Seorang siswa SMA miskin yang baru saja ditinggalkan oleh kekasihnya secara tak sengaja memperoleh sebuah kitab pusaka milik Santo Cinta—sebuah buku misterius yang menyimpan tak terhitung kemampuan luar biasa, khusus digunakan untuk menaklukkan hati para gadis. Sejak saat itu, hidupnya pun berubah drastis.
Tak hanya meraih keberhasilan dalam urusan asmara, ia juga mulai menapaki jalan kesuksesan dalam dunia bisnis. Dalam perjalanannya, ia bertemu dengan beragam perempuan menawan: teman sekelas yang cantik, putri seorang tokoh dunia bawah tanah, gadis super imut yang menggemaskan, hingga selebritas terkenal dengan pesona memikat.
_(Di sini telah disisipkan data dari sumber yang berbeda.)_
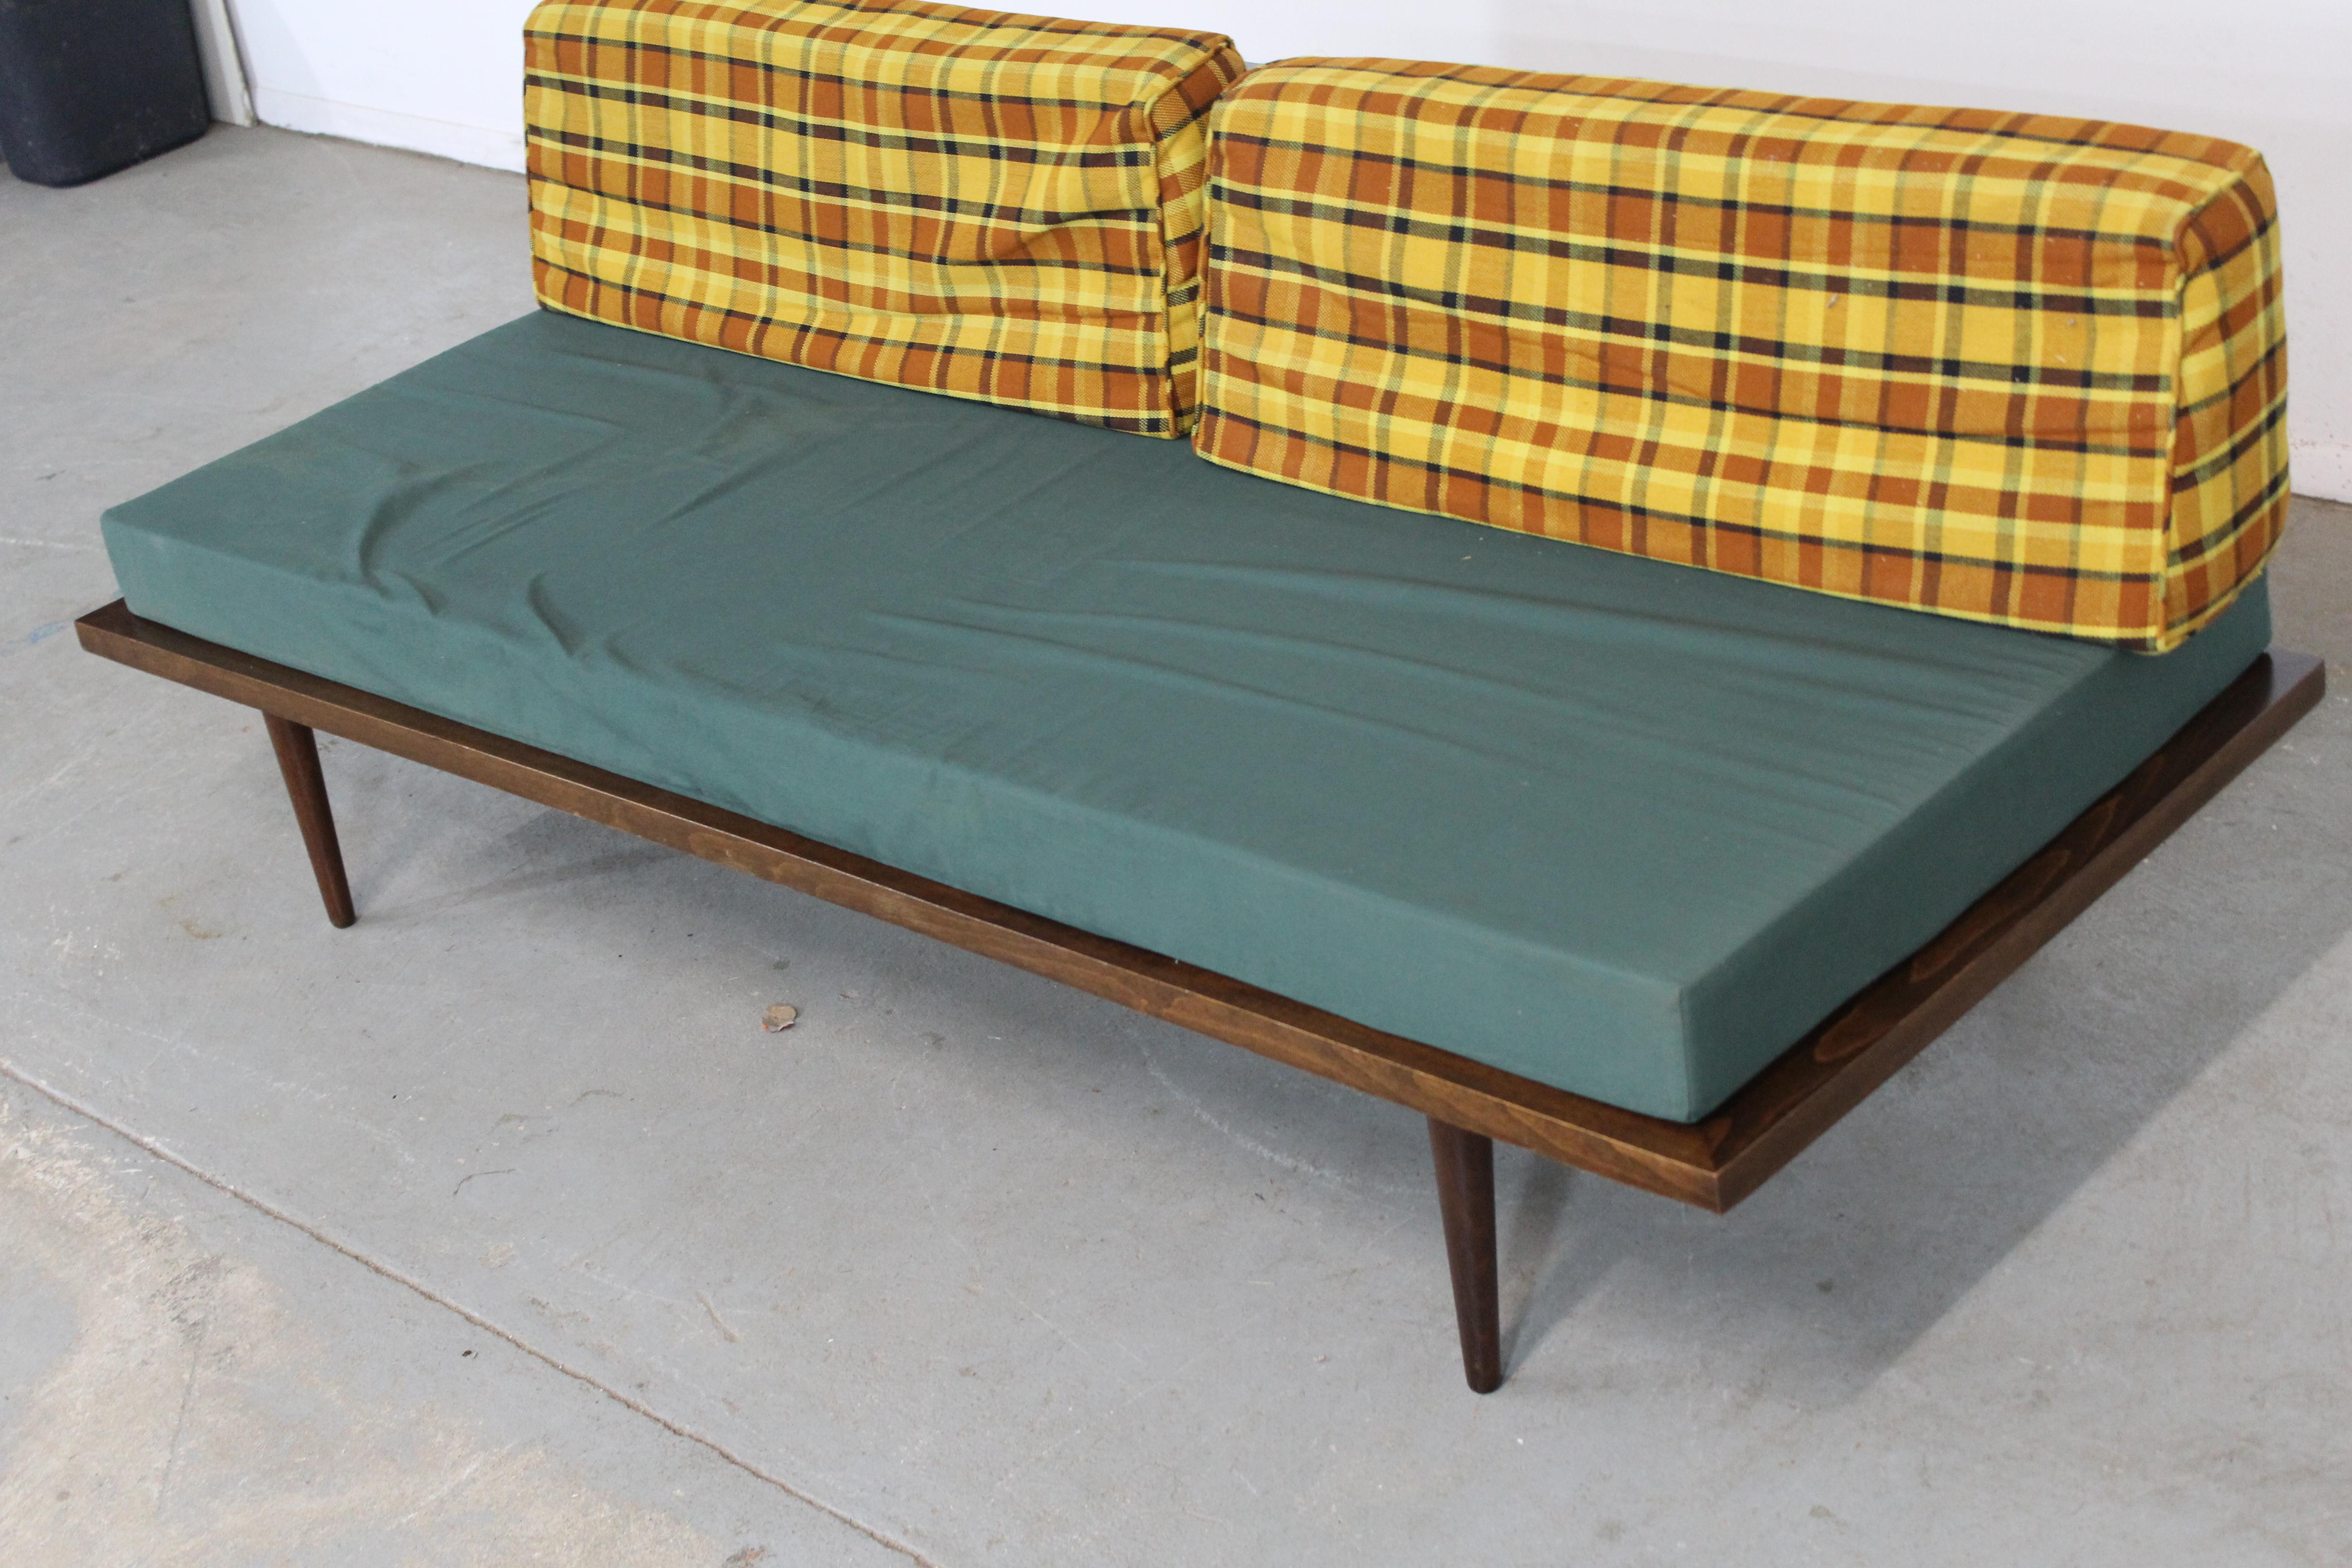 20th Century Mid-Century Modern Walnut Daybed / Sofa on Pencil Legs For Sale

Di antara cinta, kekuatan rahasia, dan perubahan nasib, kisahnya berkembang menjadi perjalanan penuh romansa, peluang, dan godaan yang tak terduga.
Karya ini diterbitkan atas izin NovelToon Sastra Aksara, isi konten hanyalah pandangan pribadi pembuatnya, tidak mewakili NovelToon sendiri
Bab 8
Memikirkan kemampuan yang baru saja ia peroleh, hati Zhang Yuze dipenuhi oleh kegelisahan sekaligus antusiasme yang sulit dibendung. Seolah ada api yang menyala di dalam dadanya.
Begitu selesai makan, tanpa menunda sedikit pun, ia segera berpamitan kepada ibunya dan keluar dari rumah.
Menurut penjelasan Roh Buku, penggunaan kemampuan khusus membutuhkan pengendalian penuh melalui pikiran. Niat harus lebih dulu bergerak, barulah tubuh mengikutinya. Hanya dengan cara seperti itulah kemampuan dan fisik dapat berkoordinasi secara sempurna. Selain itu, karena ia telah menguasai koordinasi tubuh dengan sangat baik, berbagai gerakan dan postur seharusnya tidak lagi menjadi kendala baginya.
Zhang Yuze mencari sebuah tempat yang relatif sepi dan jauh dari keramaian. Setelah memastikan tidak ada orang di sekitarnya, ia mulai berlatih menggunakan kemampuannya. Pada awalnya, ia masih belum cukup terampil. Pengendalian kekuatannya pun belum stabil. Kemampuan Angin Cepat seharusnya memberinya kecepatan layaknya hembusan angin, dan benar saja, tubuhnya melesat terlalu cepat. Akibatnya, ia beberapa kali menabrak dinding dan pembatas di sekitarnya. Andai tubuhnya belum diperkuat oleh latihan sebelumnya, hidungnya mungkin sudah berdarah dan wajahnya bengkak.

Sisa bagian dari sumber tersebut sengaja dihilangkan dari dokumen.